2. Term. The initial term of this Agreement shall be for a period of three (3)
months from the date hereof (the "Initial Term"). Unless during the Initial
Term the Company delivers notice in writing of its intention to terminate
this Agreement, after expiration of the Initial Term, the terms of this
Agreement shall continue for an additional period of nine (9) months
through June 8th, 2006 (the "Additional Term" and together with the Initial
Term, the "Term").
3. Duties of Consultant.
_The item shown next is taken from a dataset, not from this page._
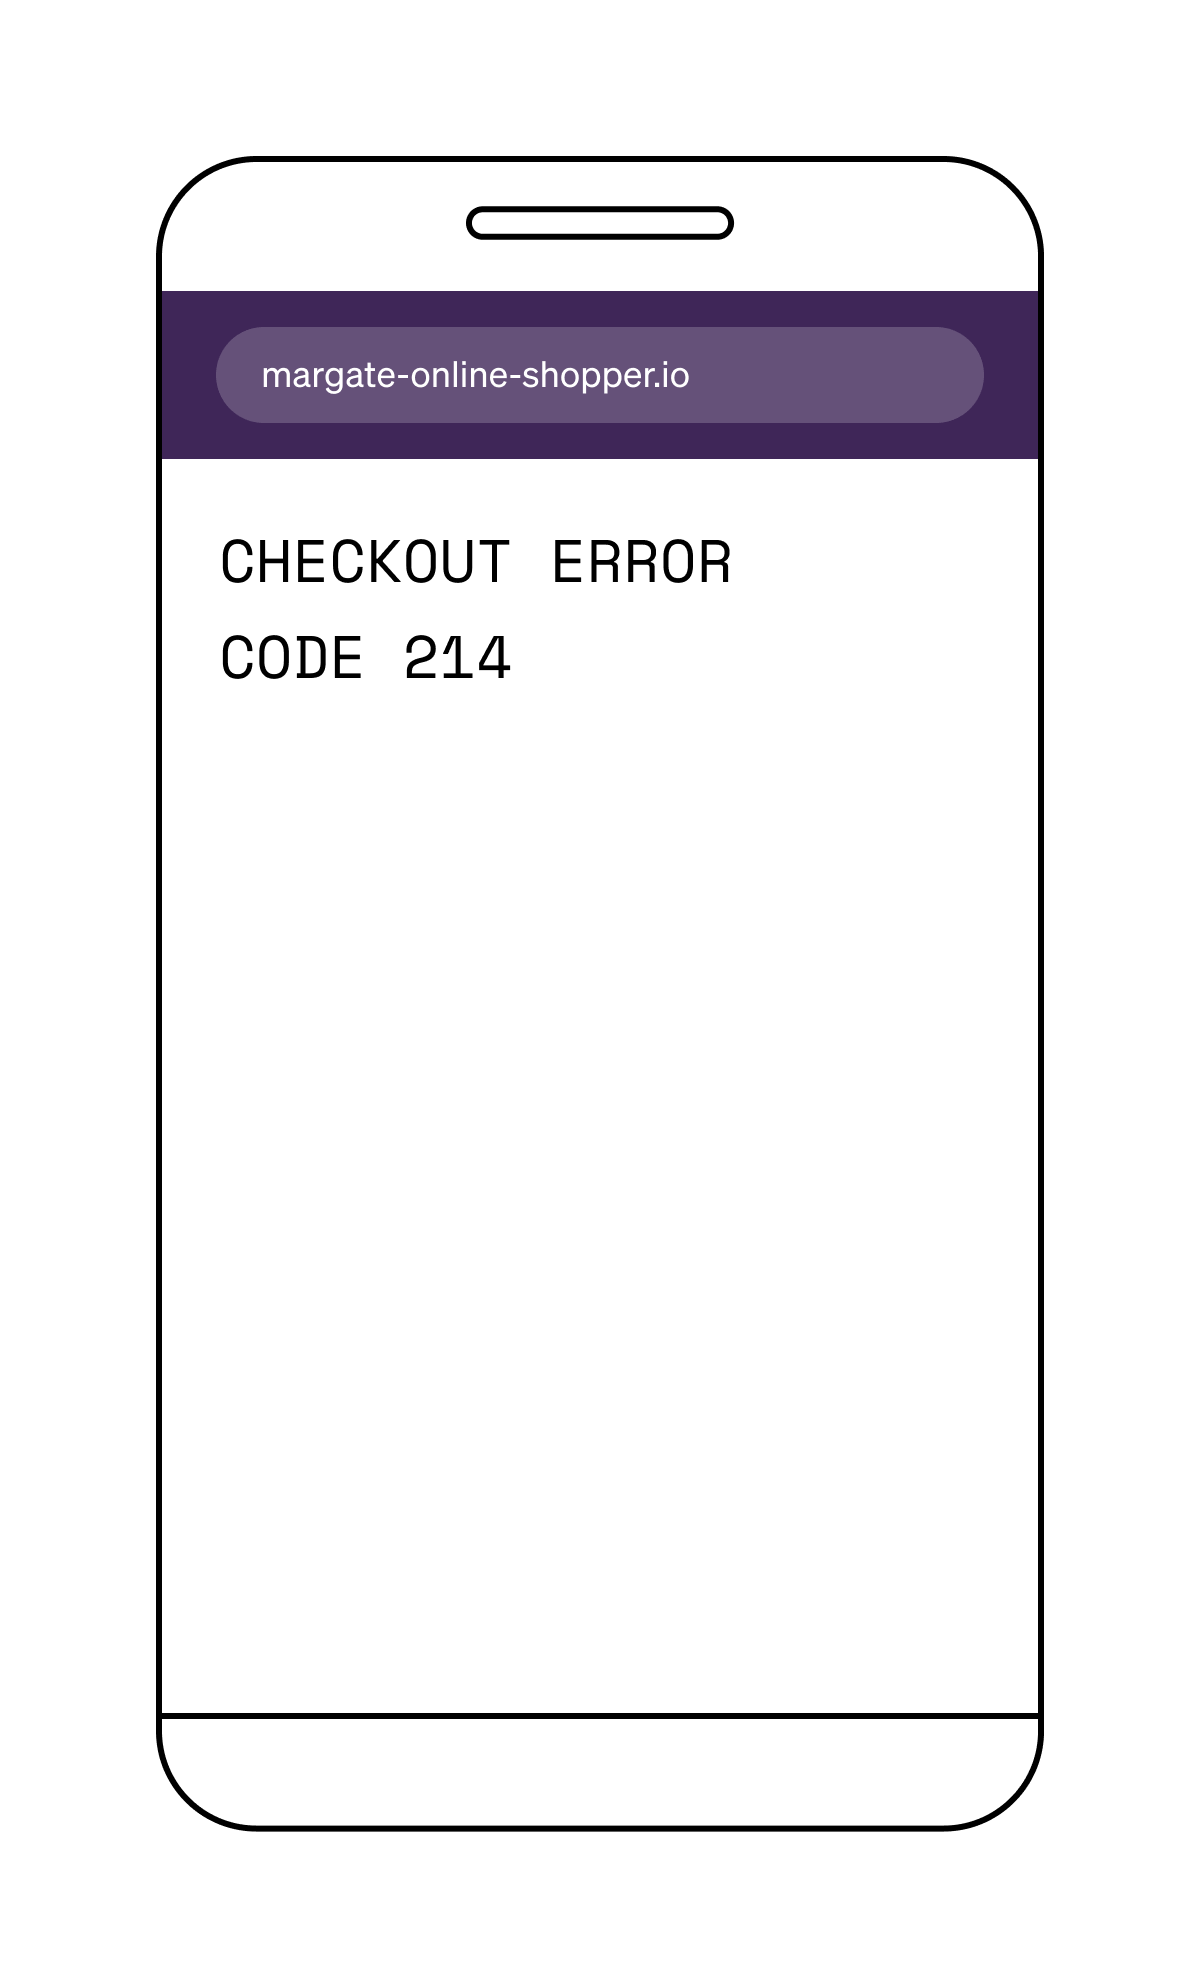 Illustration of system error message

During the Term of this Agreement, the Consultant
shall provide to the Company those IR programs and services outlined in
Exhibit A. Notwithstanding the foregoing, it is understood and acknowledged
by the parties that the Consultant: (a) shall perform its analysis and
reach its conclusions about the Company independently, and that the Company
shall have no involvement therein; and (b) shall not render advice and/or
services to the Company in any manner, directly or indirectly, that is in
connection with the offer or sale of securities in a capital raising
transaction or that could result in market making.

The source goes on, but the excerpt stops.